● Exercise: Transcribe every entry word for word, but skip the images.

Start of The data

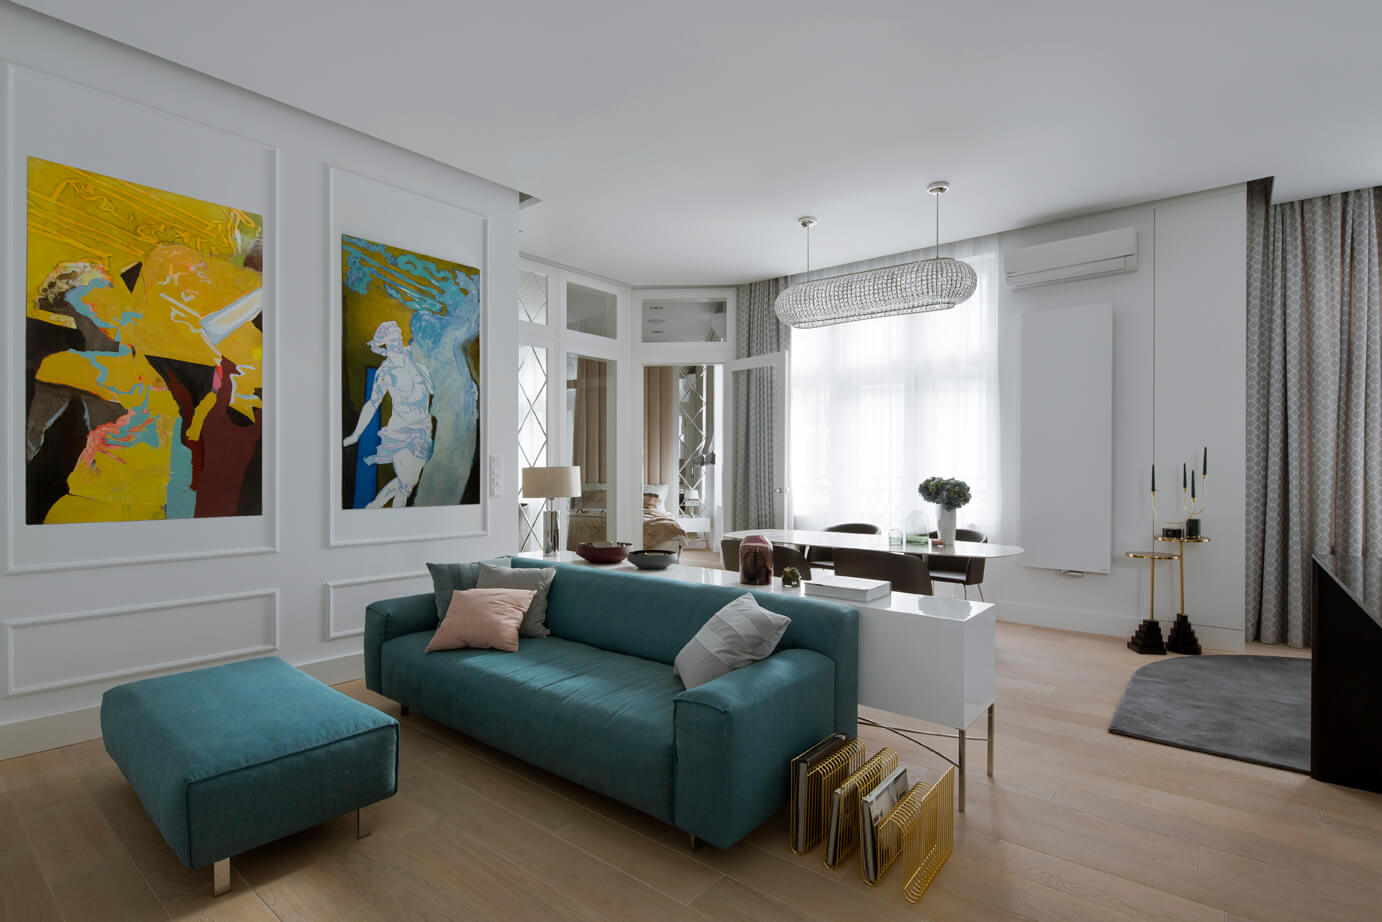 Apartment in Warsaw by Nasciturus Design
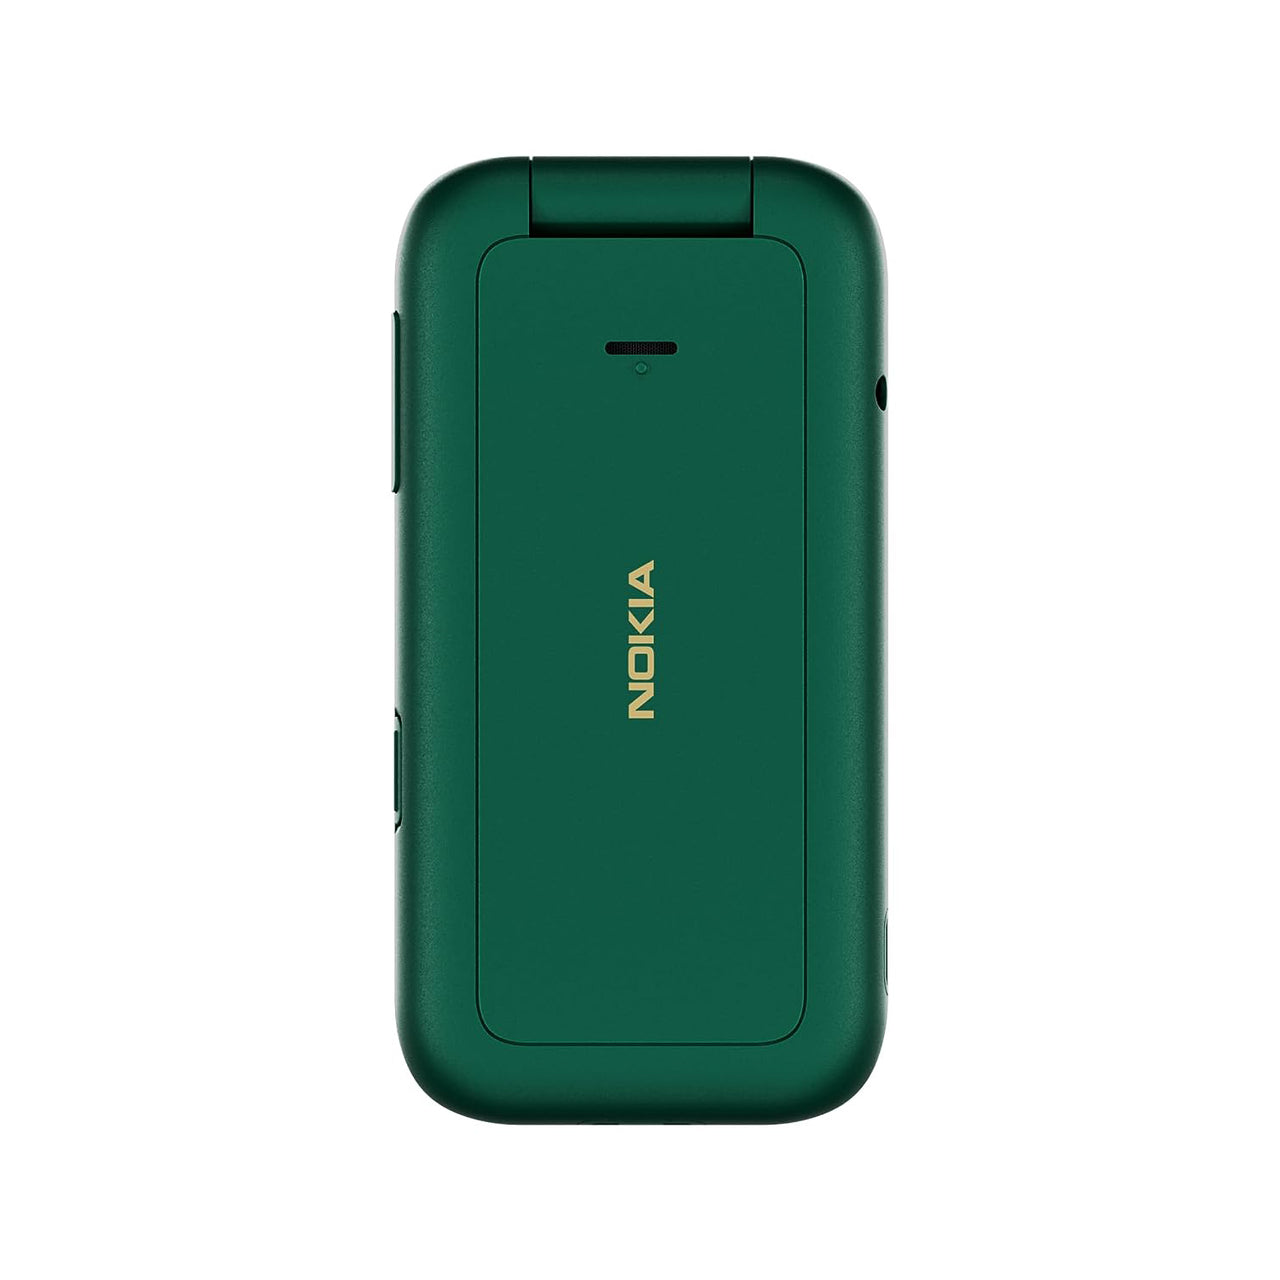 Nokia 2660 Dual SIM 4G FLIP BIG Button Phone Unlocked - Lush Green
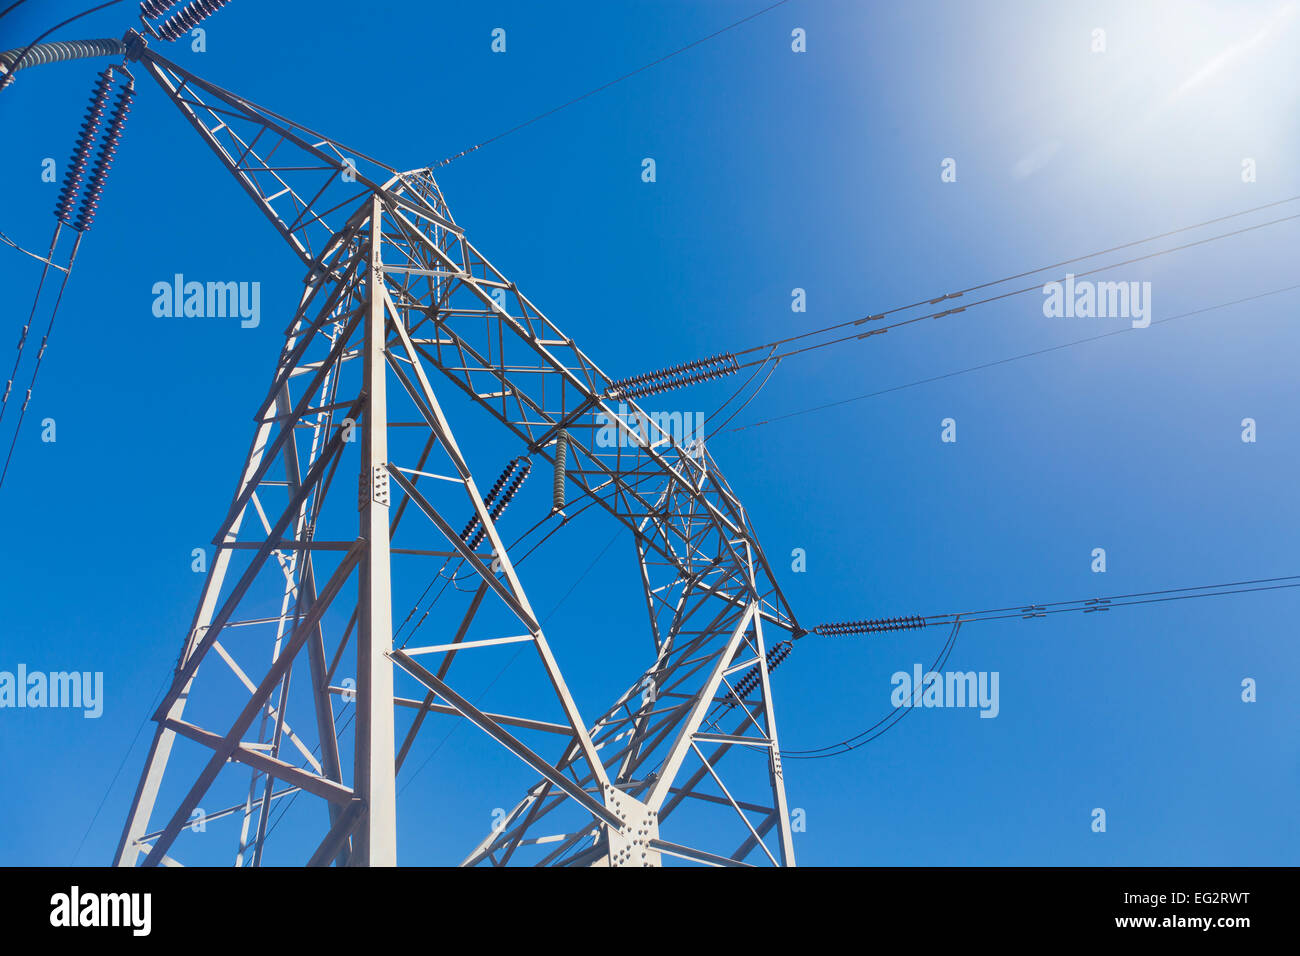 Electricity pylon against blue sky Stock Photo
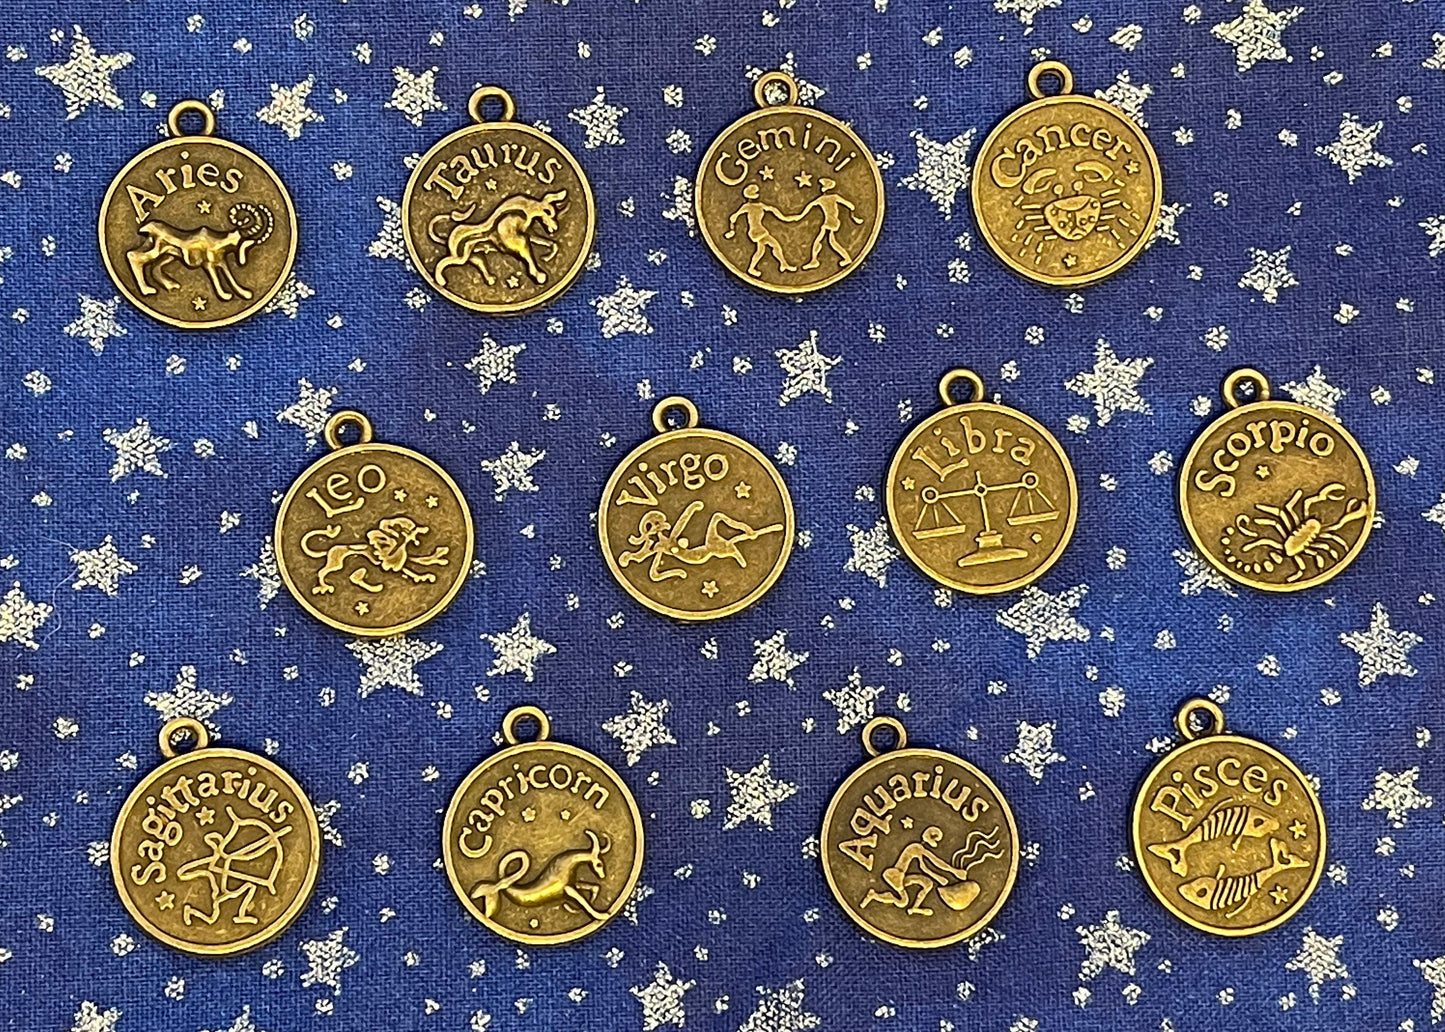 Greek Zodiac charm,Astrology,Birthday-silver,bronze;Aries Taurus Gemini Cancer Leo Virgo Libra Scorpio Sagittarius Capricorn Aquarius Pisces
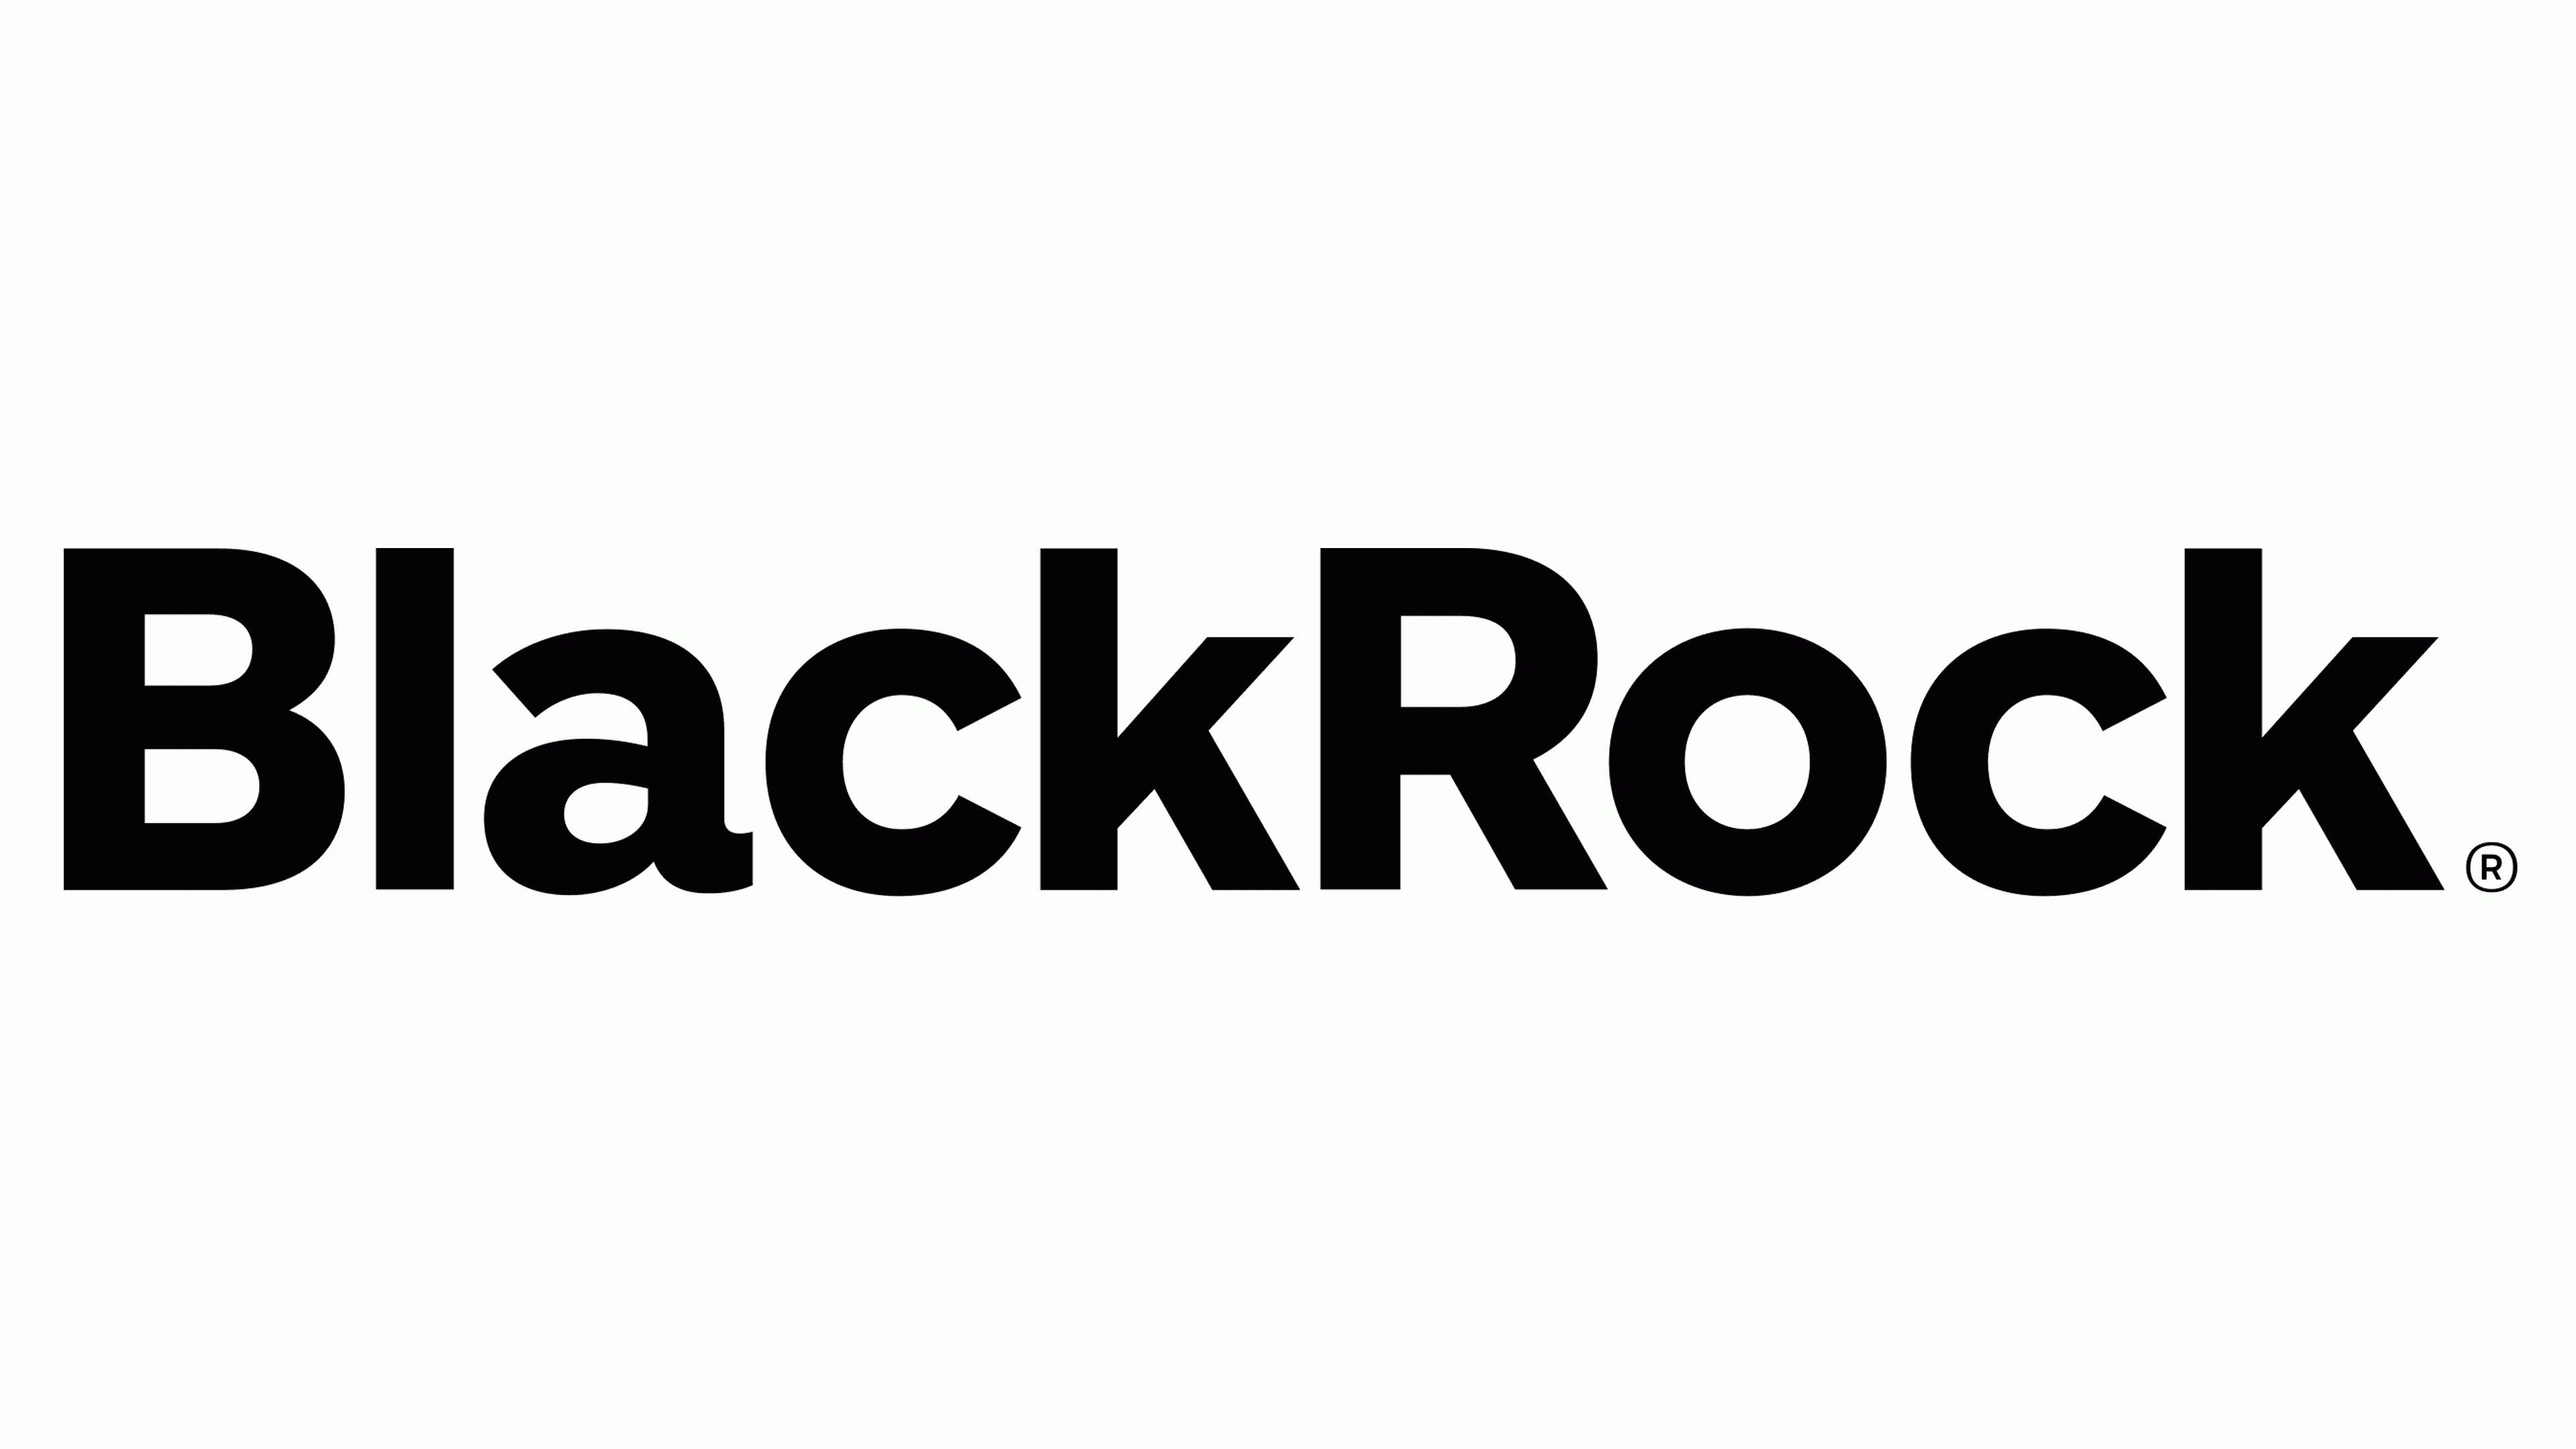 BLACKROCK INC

End of The data

● Expected answer:
 Apartment in Warsaw by Nasciturus Design
 Nokia 2660 Dual SIM 4G FLIP BIG Button Phone Unlocked - Lush Green
 Electricity pylon against blue sky Stock Photo
 Greek Zodiac charm,Astrology,Birthday-silver,bronze;Aries Taurus Gemini Cancer Leo Virgo Libra Scorpio Sagittarius Capricorn Aquarius Pisces
 BLACKROCK INC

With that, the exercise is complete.